Não é retórica. Três vezes por semana, emigrantes em busca de emprego recorrem aos serviços de inserção laboral da paróquia. Na quarta-feira lá estava uma brasileira, dois venezuelanos e uma mulher marroquina. Outros, de fora e espanhóis, procuram os advogados ou psicólogos.
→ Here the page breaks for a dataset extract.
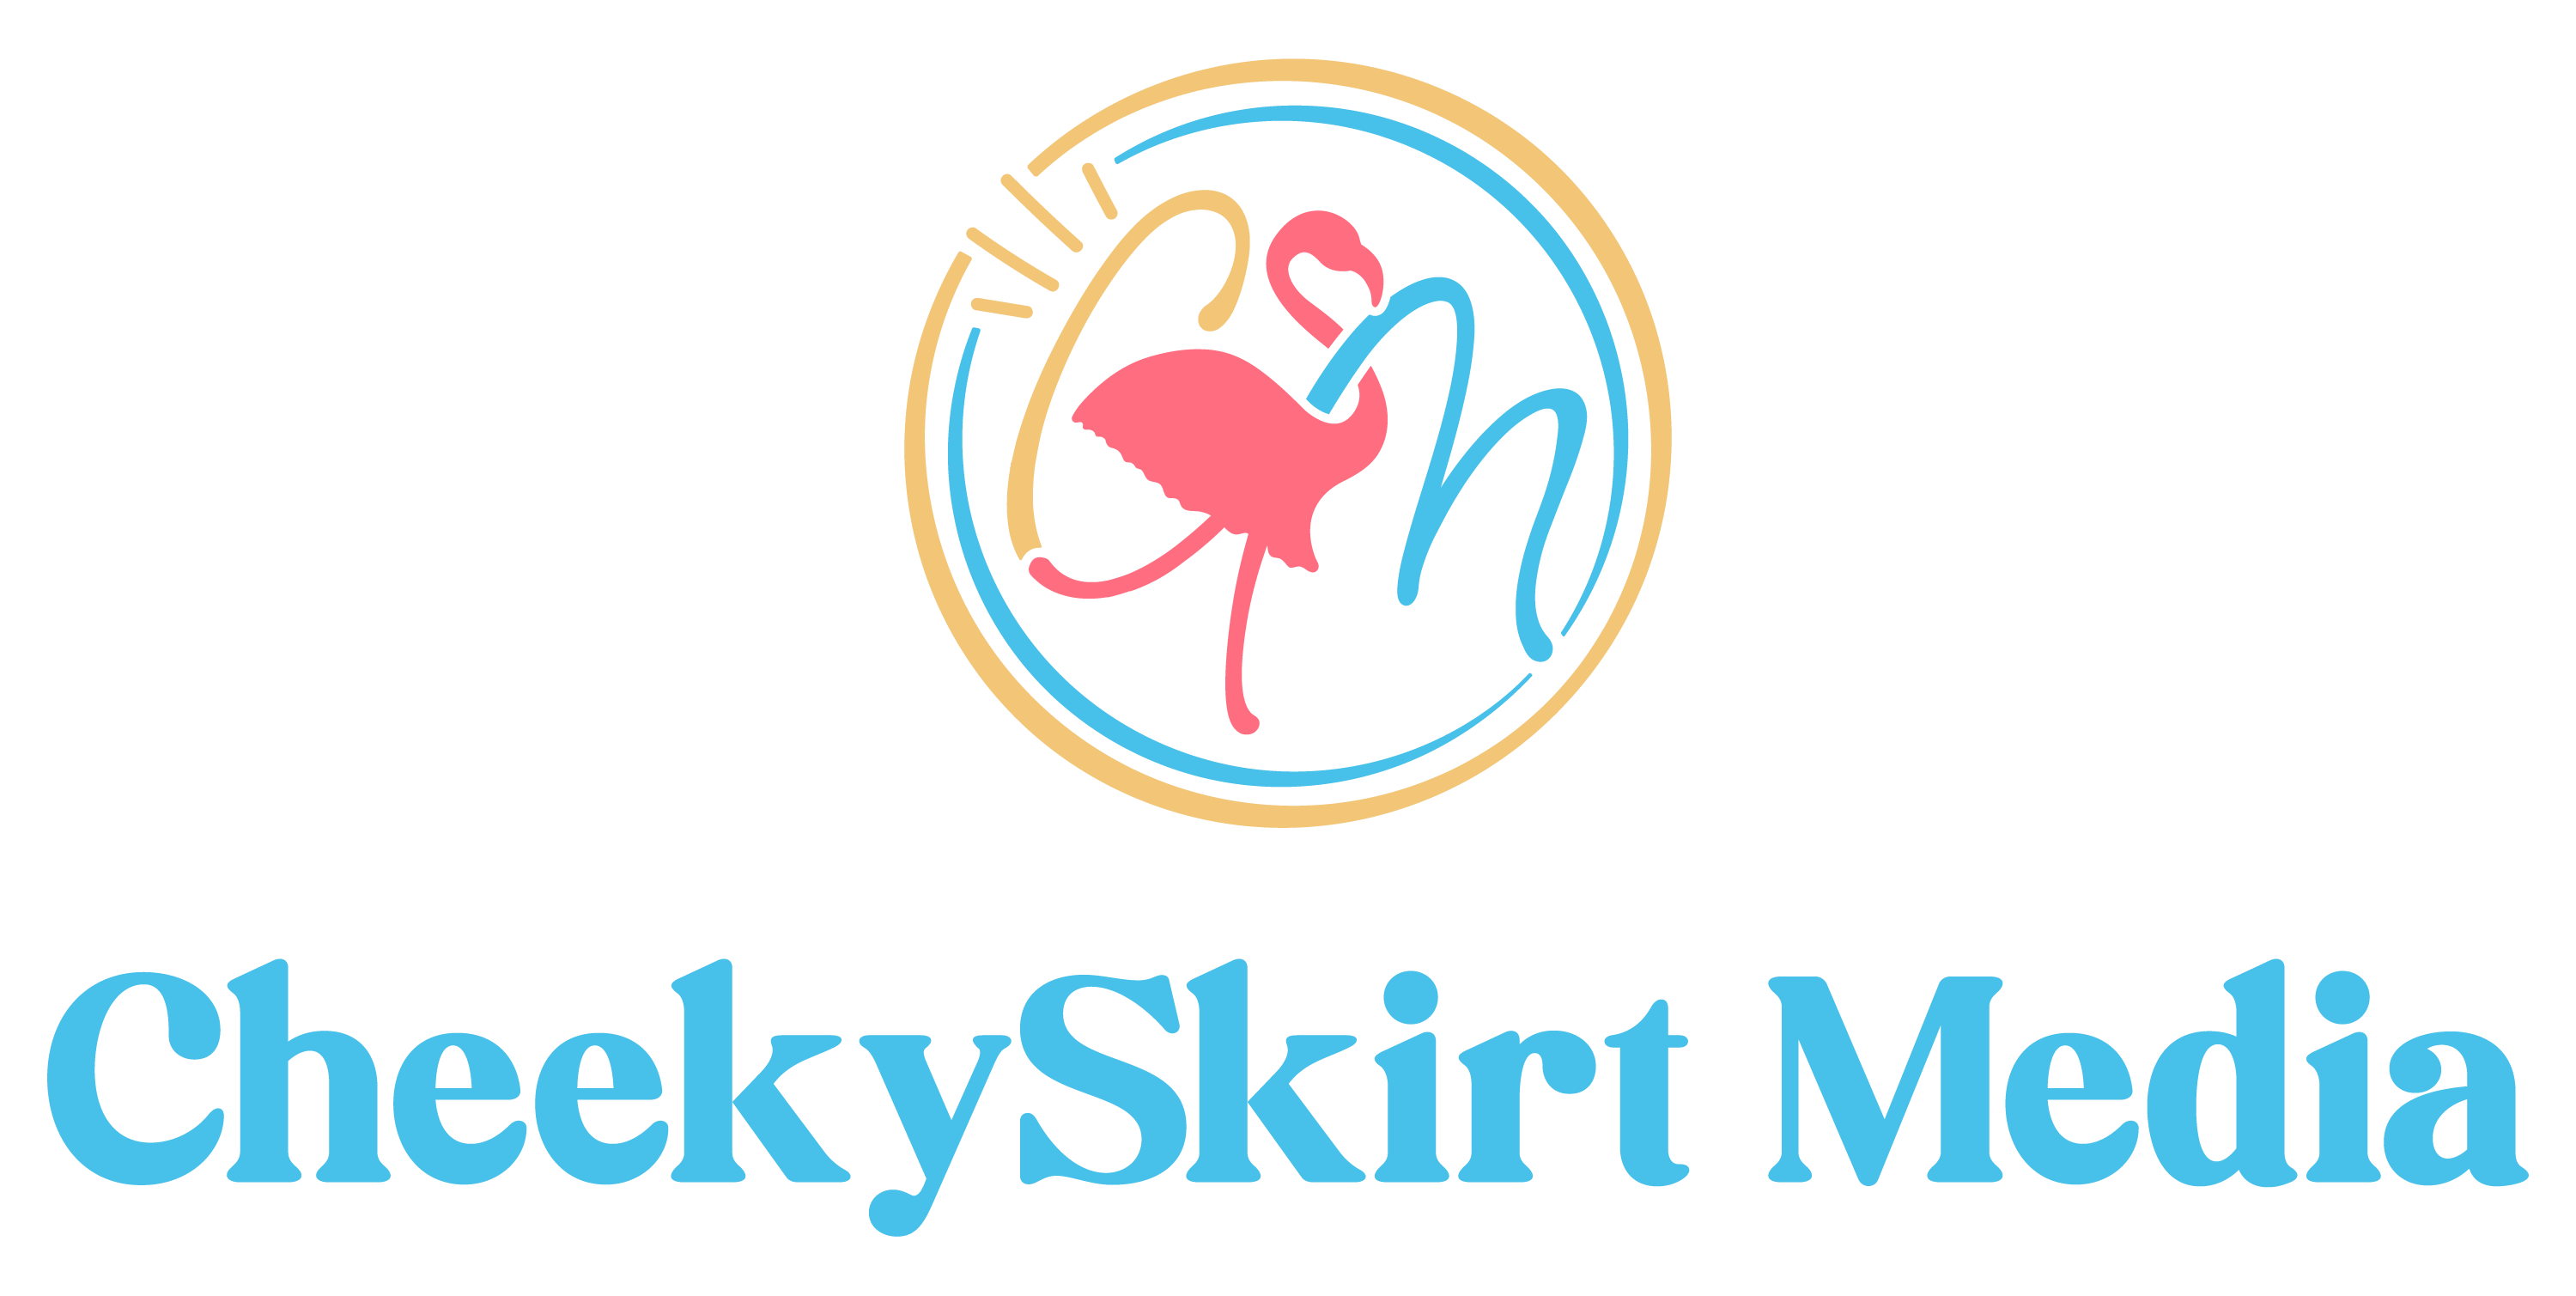 CheekySkirt Media - A Public Relations Agency for Busy Business Owners

"Aqui não há apenas religião, o que importa são as pessoas", diz um paroquiano. É então que Sara não contém a revolta. "Aqui há rapazes em casa dos padres, na do novo [Javi Baez] morreram 32 com sida e andam os bispos para aí a dizer que não acompanham os doentes." São palavras de indignação. "Criticam-nos porque na missa há pão em vez de hóstias e os padres estão sem paramentos e vestem jeans, como se isso fosse importante. Queriam que fossem em cuecas?" Depois, mais calma, com um sorriso meio resignado, proclama: "Somos bem-aventurados porque vivemos os Evangelhos."